Калли с несчастным видом покачала головой.

– Пошли, у меня голова раскалывается! – Он снова схватил Калли за плечо, но вдруг остановился – хлопнула сетчатая дверь, и на крыльцо вышла босая женщина в шортах и футболке. К уху она прижимала трубку радиотелефона. До них донесся ее высокий, пронзительный голос:

– Ради нее ты носом землю рыть готов! Как же, ее драгоценная доченька пропала!

Гриф застыл на месте, Калли шагнула вперед, чтобы лучше слышать, но Гриф дернул ее назад. Калли узнала жену Луиса, Кристину.

– Мне плевать, что пропали две девочки! Для тебя главное, что ее дочка потерялась! – ожесточенно выкрикнула Кристина. – Стоит Антонии позвонить, и ты тут же несешься к ней, забыв обо мне… о нас! – Кристина помолчала, слушая ответ. – Луис, мне все равно. Делай что должен, только не жди, что я буду прыгать от радости! – Кристина оторвала трубку от уха, в сердцах нажала кнопку отбоя и замахнулась, как будто собиралась швырнуть телефон в кусты. В последний миг она опомнилась, чертыхнулась и сунула трубку в карман. Перед тем как войти в дом, она еще раз громко чертыхнулась и сорвала злость на сетчатой двери, хлопнув ею что есть сил.

– Фу-у-у! – выдохнул Гриф и посмотрел на Калли. – Выходит, ты у нас пропала? Интересно, кто тебя утащил? – Он неприятно хохотнул. – О-о-о, я огромный и страшный похититель! Ну и дела… Пошли домой, а то твоя мать нам устроит…

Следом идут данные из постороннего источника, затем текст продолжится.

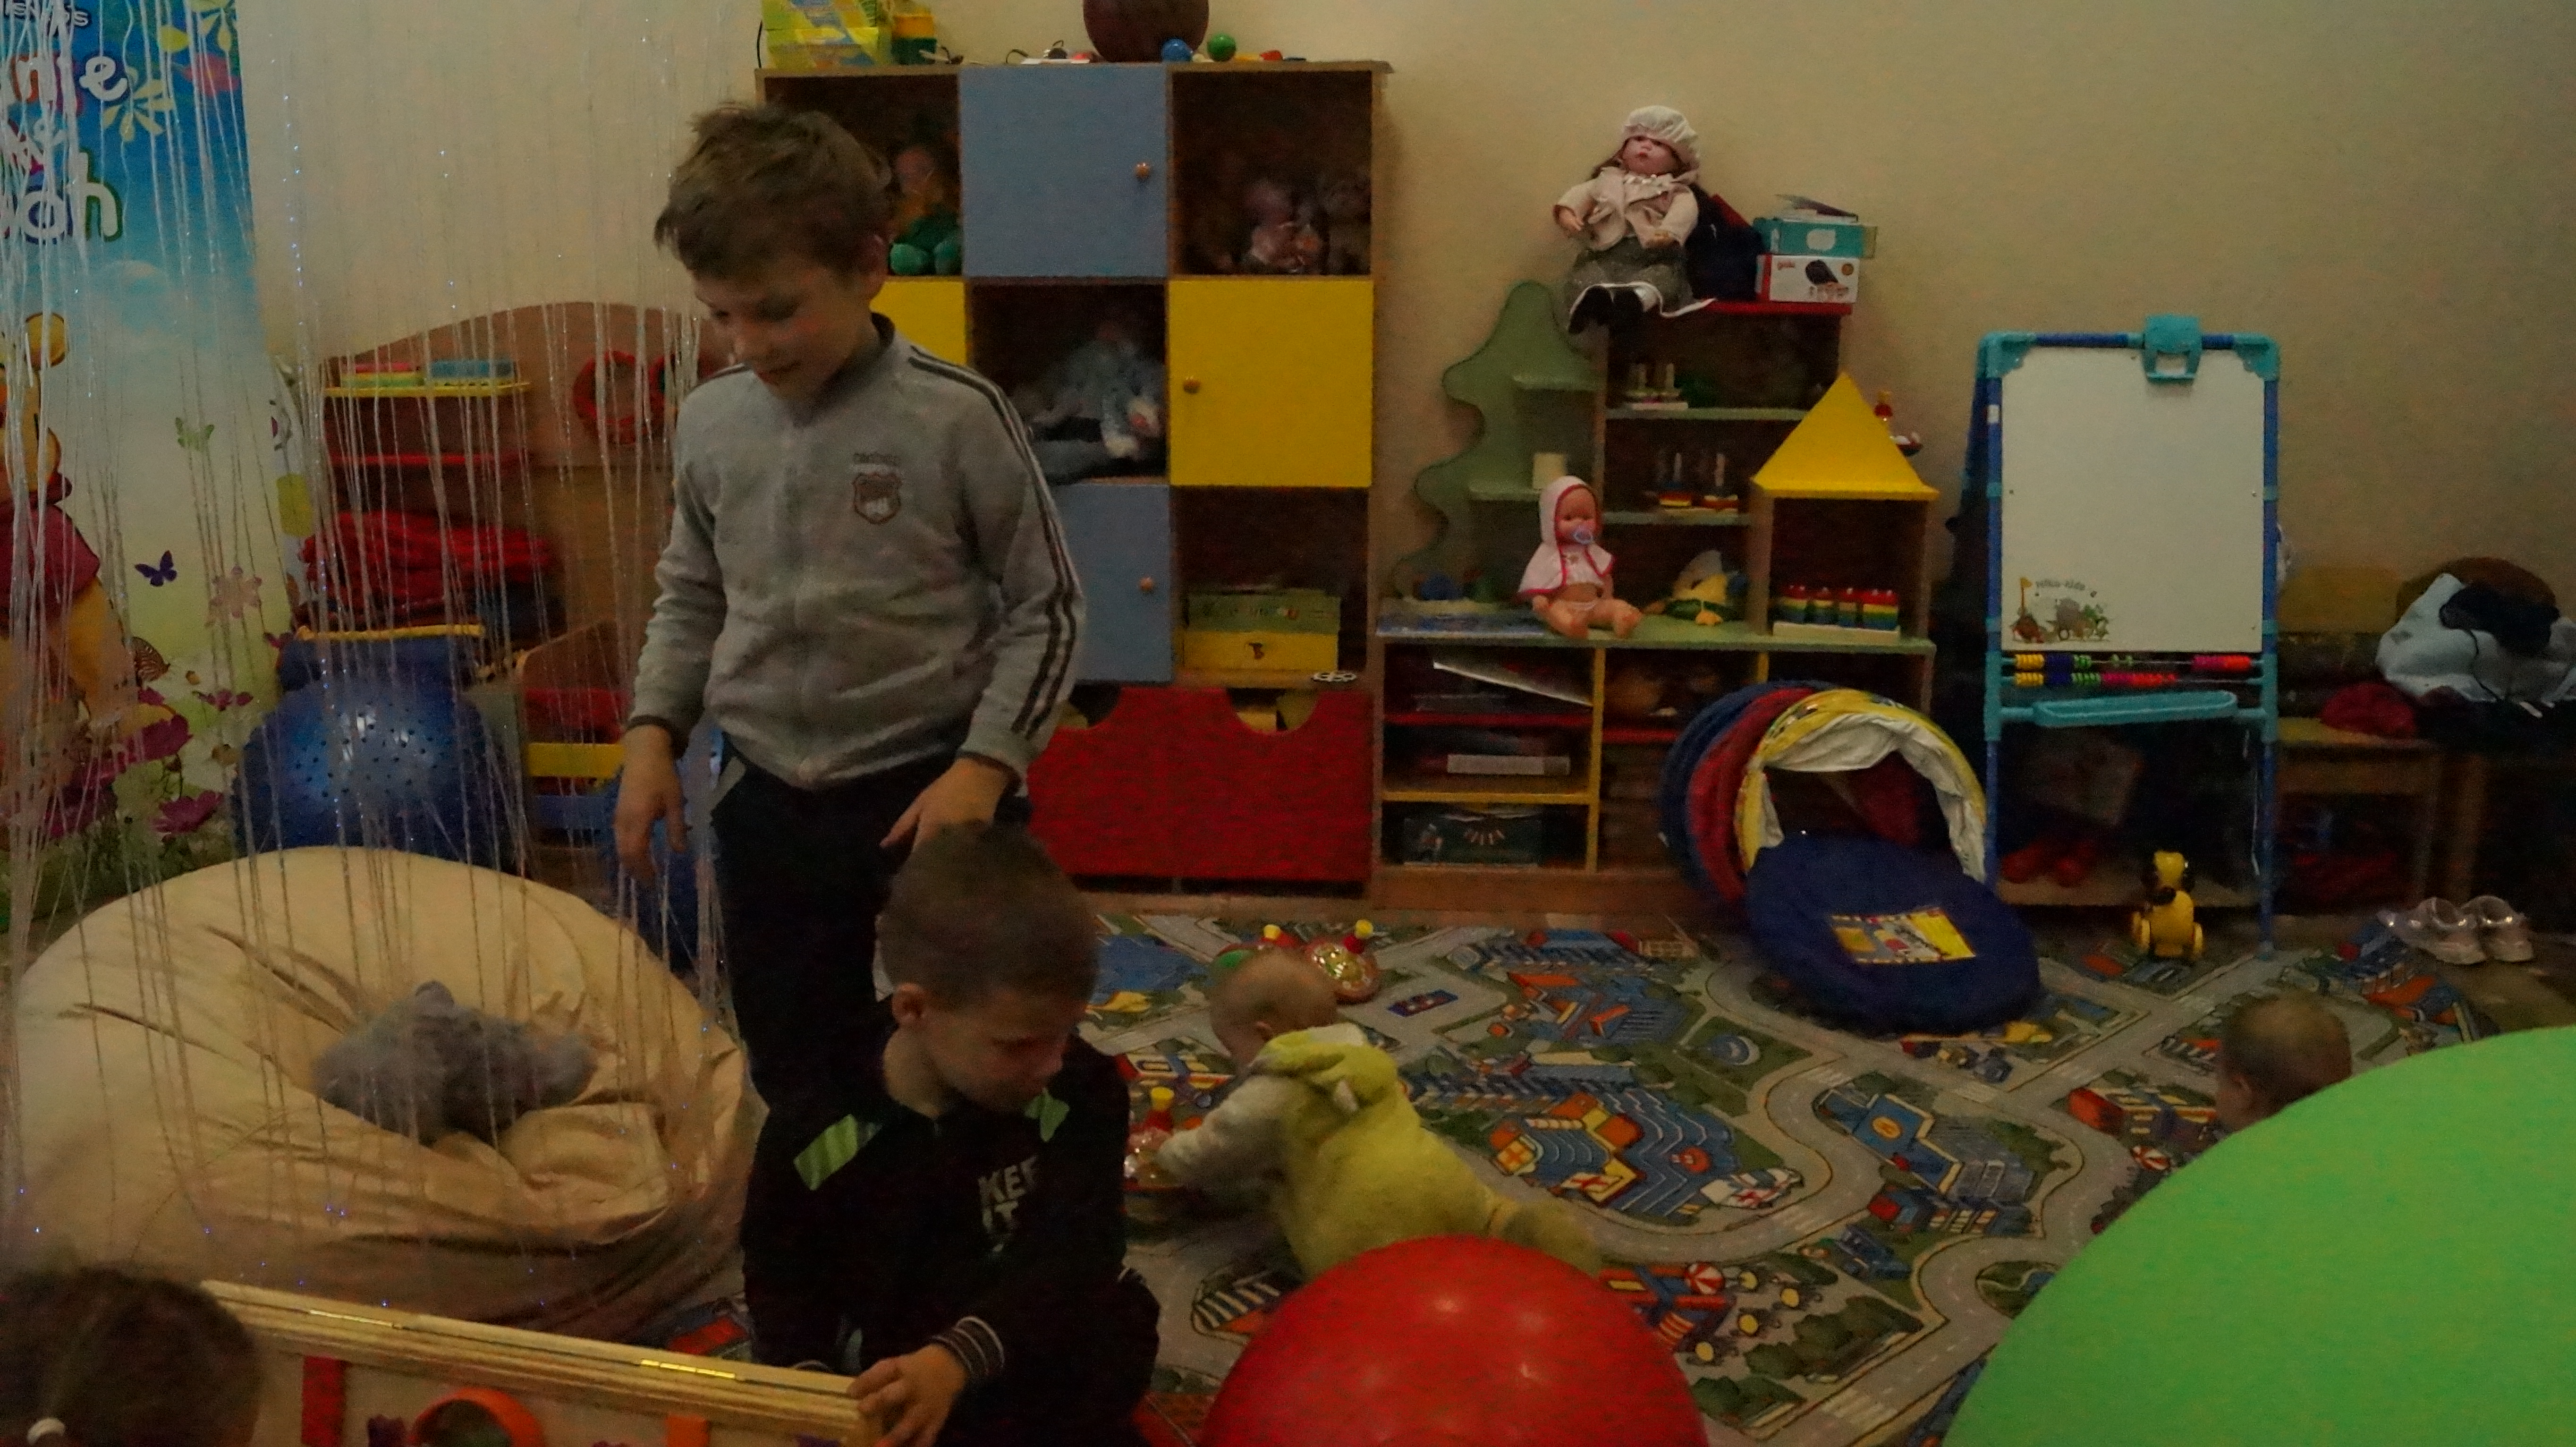 21 сентября 2019 года в бюджетном учреждении социального обслуживания Вологодской области «Территориальный центр социальной помощи семье и детям» состоялся День открытых дверей

Калли покорно побрела назад в лес. Под деревьями сразу стало прохладнее. Мама знает, что она пропала, но ей, скорее всего, неизвестно, что в лес ее увел отец. Интересно, кто вторая пропавшая девочка? Калли с трудом сдерживала слезы. Ей очень хотелось поскорее вернуться к маме, снять мокрую, грязную рубашку, умыться, переодеться в чистое и сухое, перевязать кровоточащие ноги, заползти в кровать и с головой накрыться одеялом.

Мартин

Я побывал везде, куда любит ходить Петра: в библиотеке, в школе, в кондитерской, у Керстин, у Райана, у бассейна и здесь, в Восточном парке. Теперь я брожу среди качелей, каруселей, лесенок для лазанья, горок и гимнастических снарядов. Еще рано, в парке никого нет. Я даже влез на черный паровоз, который парку подарила железная дорога. Поразительное легкомыслие! Неужели железнодорожное начальство считает такую махину безопасной для детей игрушкой? Разумеется, все опасные детали сняли, стекло заменили пластмассой, обточили острые углы. И все же огромная махина производит сильное впечатление. Только такую штуковину и ставить на игровую площадку к малышам, не ведающим страха! Им кажется, что они вот-вот полетят – только разрешите. Я много раз наблюдал, как дети лазают по многочисленным лесенкам и играют на площадках и на крыше паровоза. Больше всего им нравится играть в «ограбление поезда». Игра очень сложная, в ней целая куча правил, которые часто придумываются и меняются прямо по ходу игры. Часто мальчишки и девчонки прыгают с самой высокой точки на крыше паровоза и с глухим стуком шлепаются на землю. После таких прыжков недолго и кости переломать! Я неизменно пугаюсь, но храбрые малыши как ни в чем не бывало вскакивают на ноги и отряхивают попки, к которым налипла грязь.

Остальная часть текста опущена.